Hyde competed in NCAA Division 1 at the University of Arkansas. Later a graduate student at Adams State University, in February 2024, she recorded a 3000 meters indoors best to set a new NCAA DII record of 8:58.33, and set a new NCAA DII record in the mile run with 4:30.90. In March 2024, she won at the NCAA DII Championships, first by anchoring the distance medley relay team to a first-place finish, and then by winning in the mile run and the 3000 m. In April 2024, she set a new NCAA DII record in the 3000 metres steeplechase with a time of 9:28.17 in finishing runner-up to Lexy Halladay-Lowry at the Bryan Clay Invitational, surpassing the previous best set by Eilish Flanagan. That June, she became the NCAA Division II champion in the steeplechase and 1500 metres and competed at the 2024 US Olympic Team Trials, where she was a semi-finalist in the 1500 m and missed the final in the steeplechase as a time qualifier by a fraction of a second.

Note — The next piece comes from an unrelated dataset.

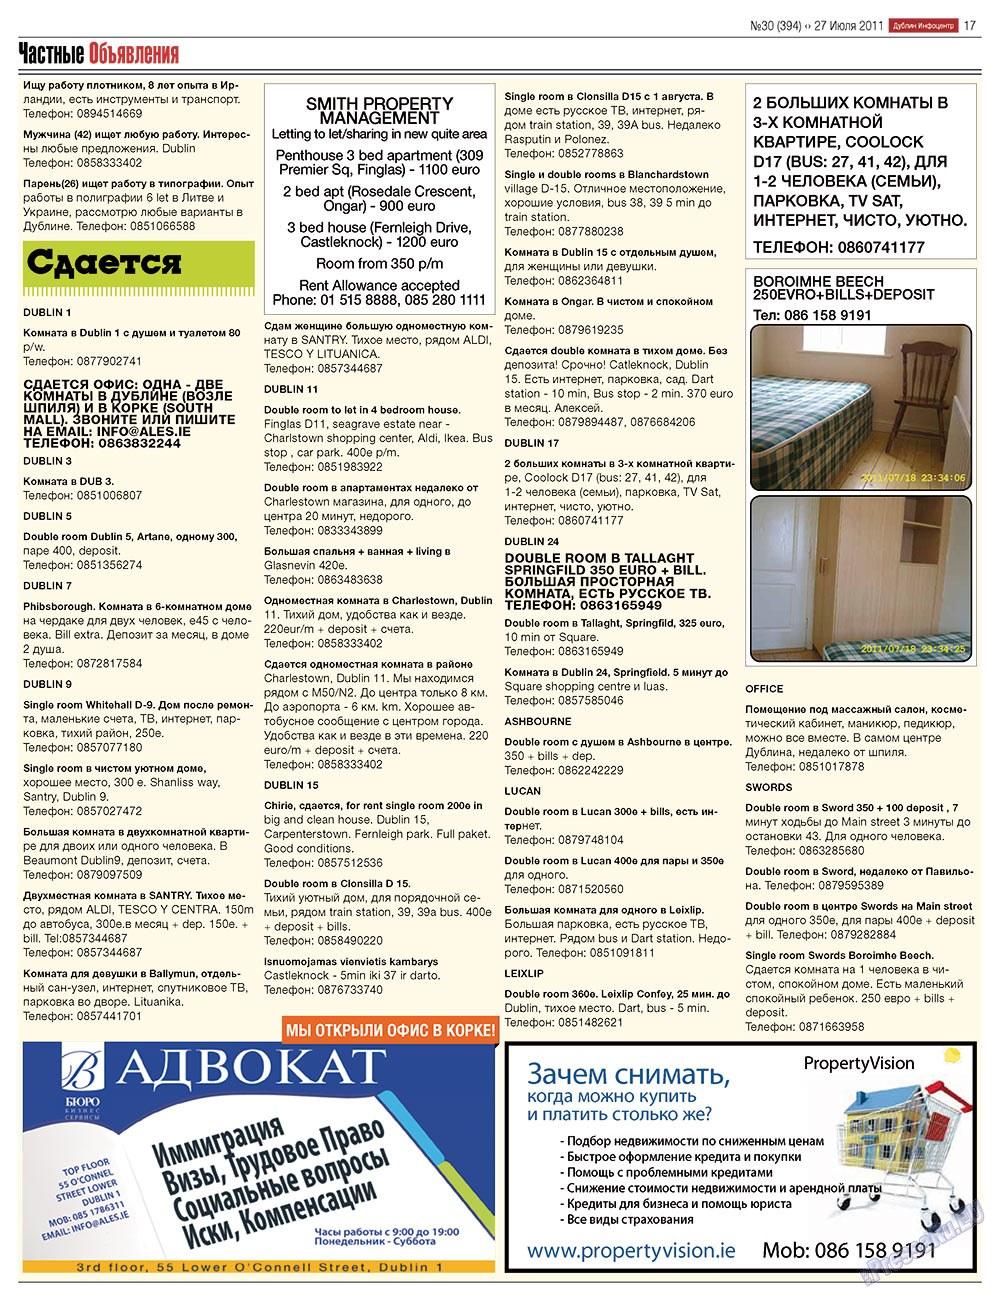 Дублин инфоцентр (газета). 2011 год, номер 30, стр. 17

In December 2025, Hyde placed fourth in the 2k run at the 2025 USA Cross Country Championships. In 2026, Hyde was runner-up to Addy Wiley in the USATF 1 Mile Championships, and in May, placed third at the 2026 USATF 5 km Championships in Indianapolis. She was subsequently selected in the USA team for the World Road Running Championships in Copenhagen, Denmark, for her international debut. She set a new personal best of 9:16.61 in placing second in the 3000 m steeplechase at the Paavo Nurmi Games in Finland on 3 June. On 7 June, she had top-ten finish at the 2026 Diamond League event in Stockholm. Competing in the mile run at the World Athletics Road Running Championships on 19 September 2026, Hyde finished tenth 4:31.02, winning the mixed team gold medal for the United States.